To do: The expected answer is the full listing, repeated exactly and free of images.

Supplied material:
▶

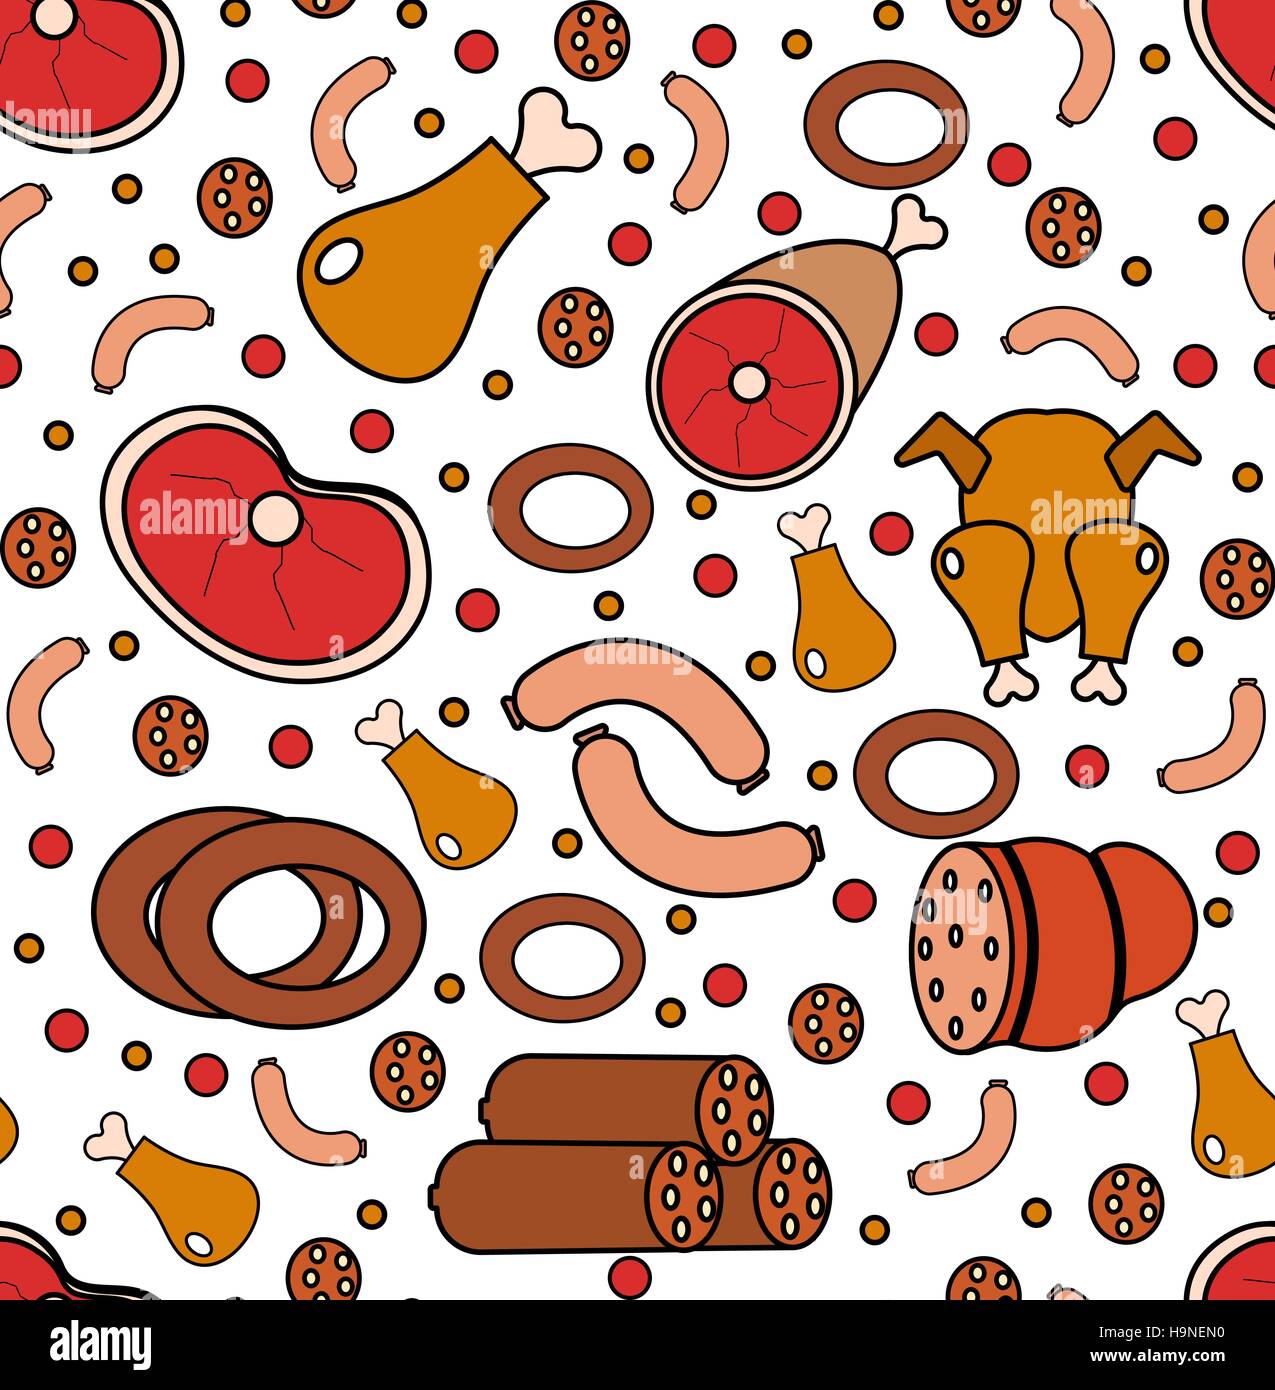 Meat products seamless pattern, modern line, doodle, sketch style. Meats and sausage endless background, texture. Vector illustration Stock Vector
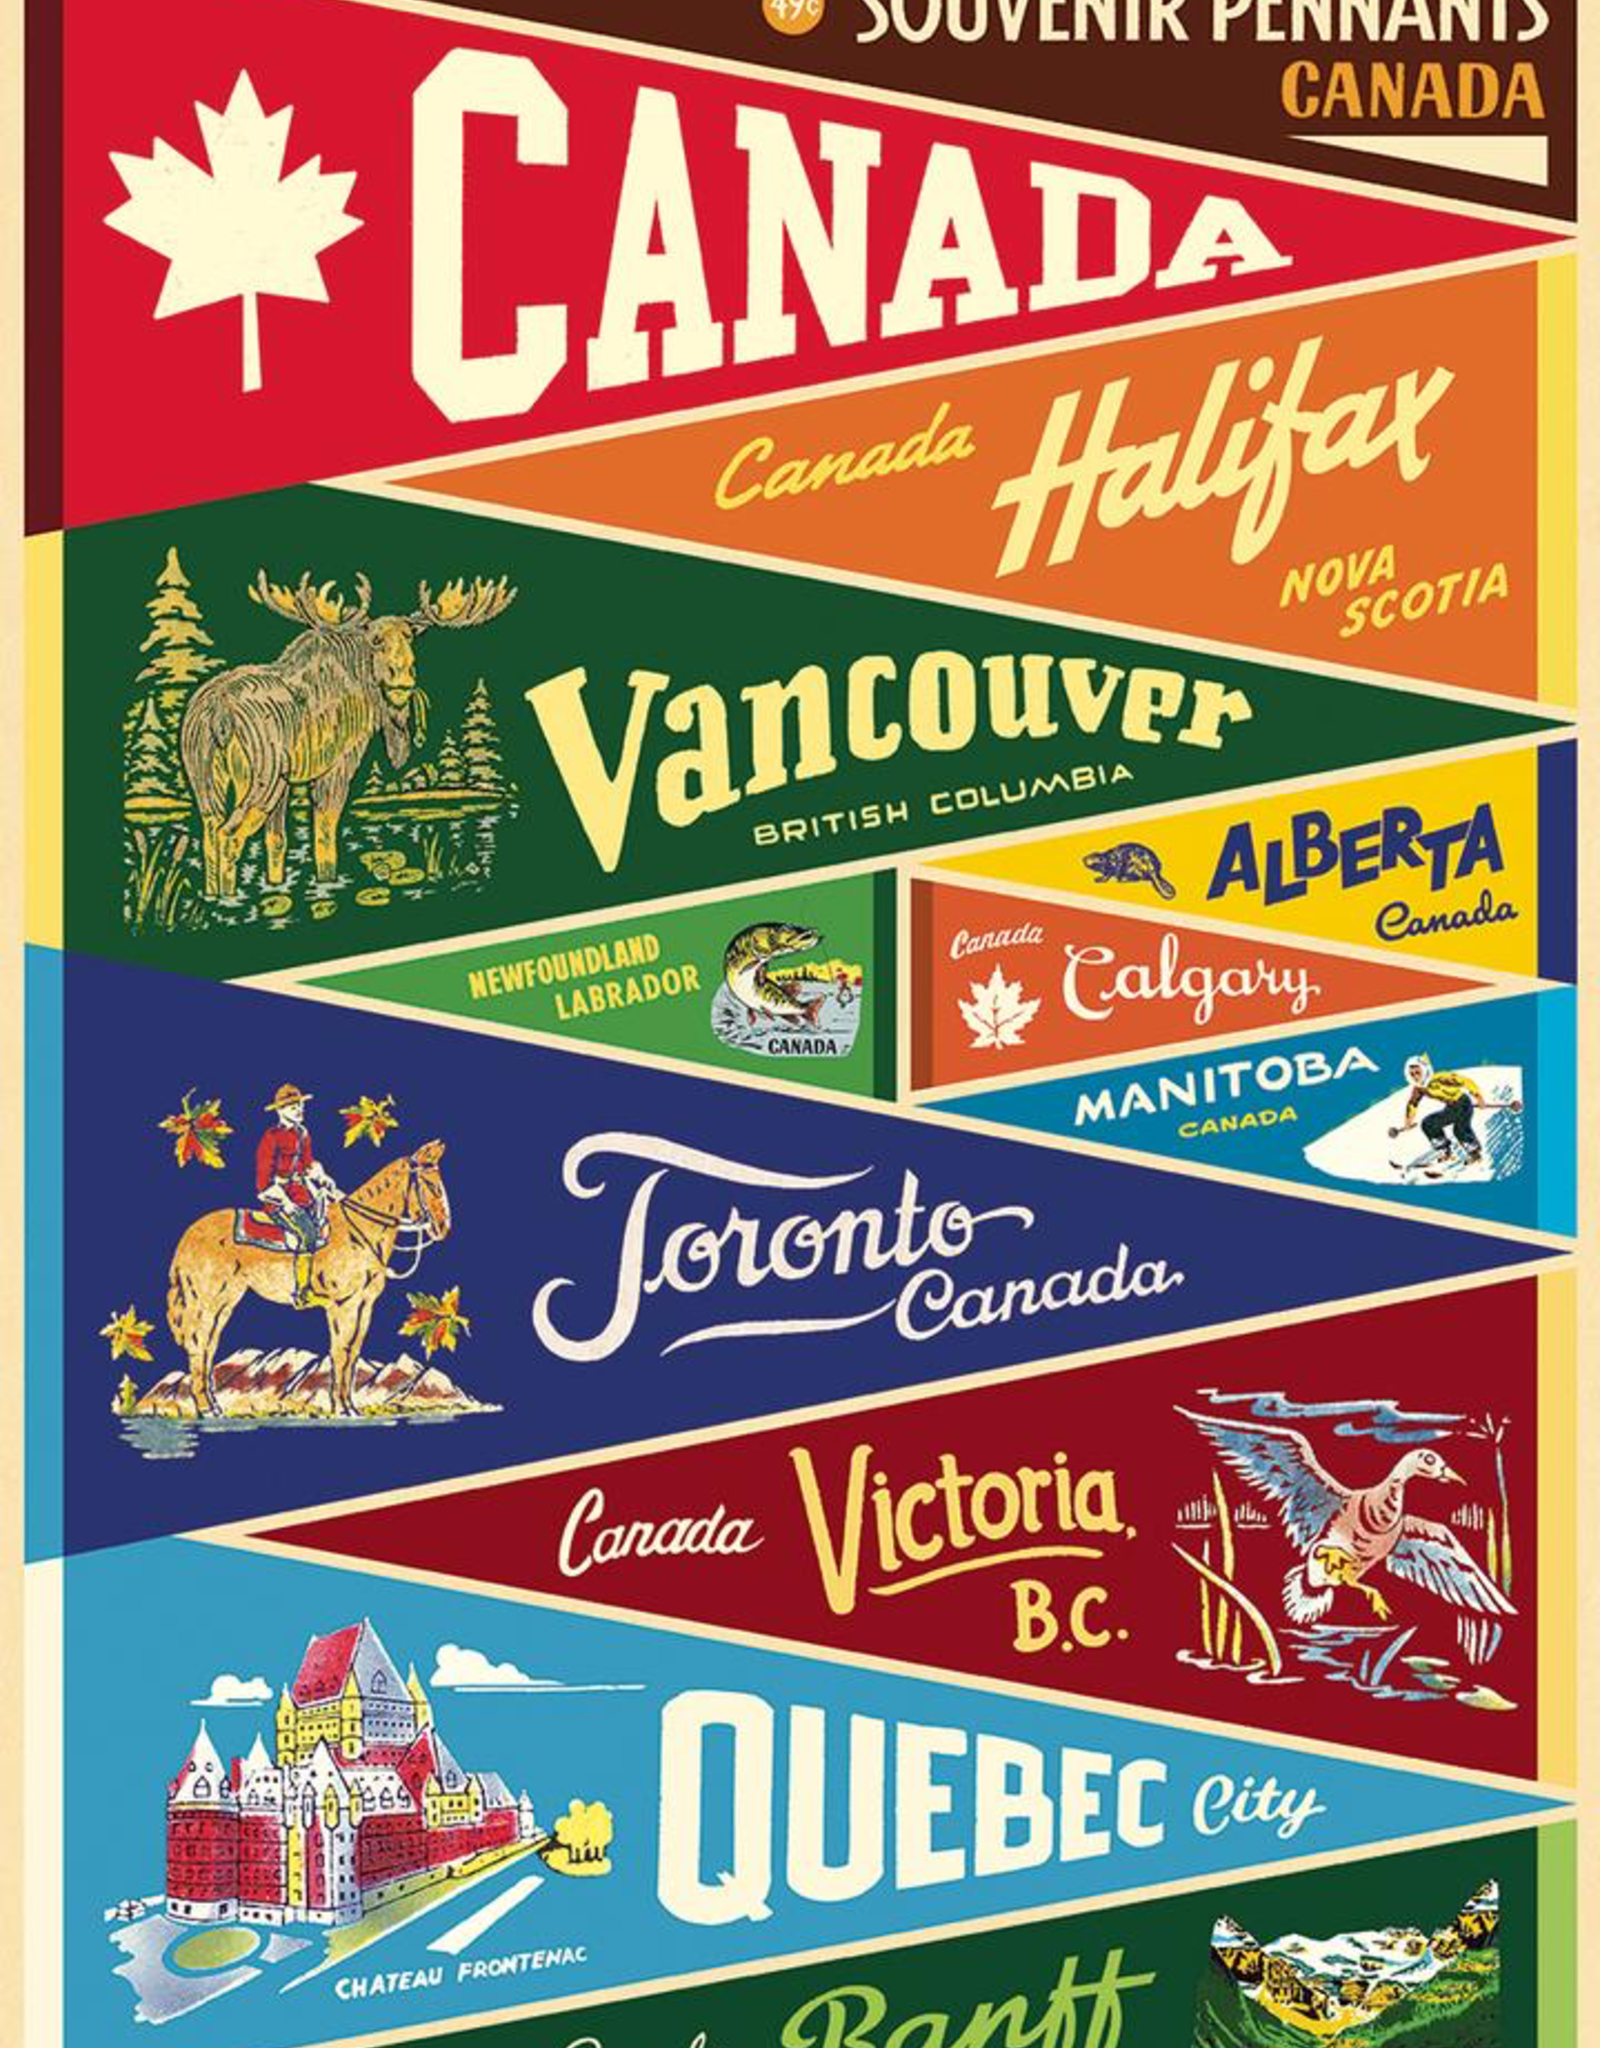 Cavallini Papers Cavallini Papers Canada Pennants Wrap
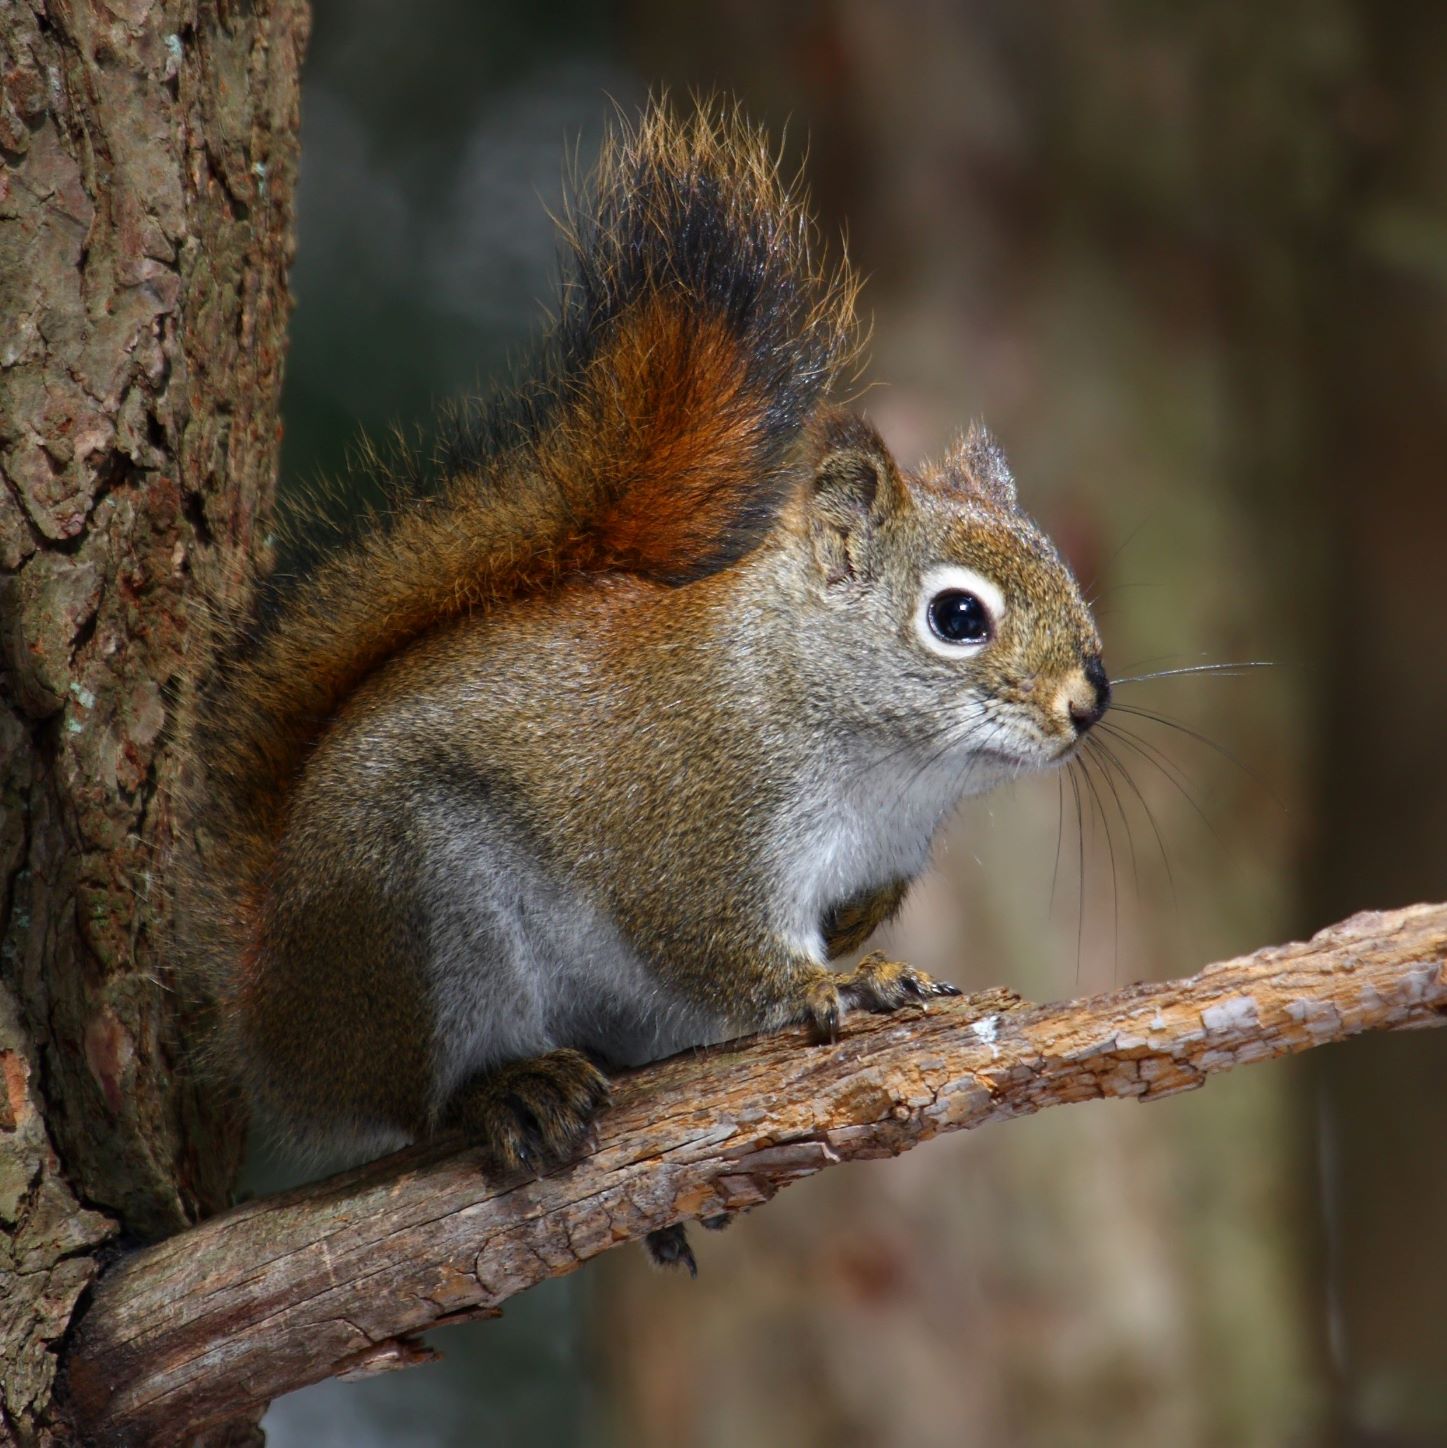 Dining Habits of the Red Squirrel

◀

Task response:
 Meat products seamless pattern, modern line, doodle, sketch style. Meats and sausage endless background, texture. Vector illustration Stock Vector
 Cavallini Papers Cavallini Papers Canada Pennants Wrap
 Dining Habits of the Red Squirrel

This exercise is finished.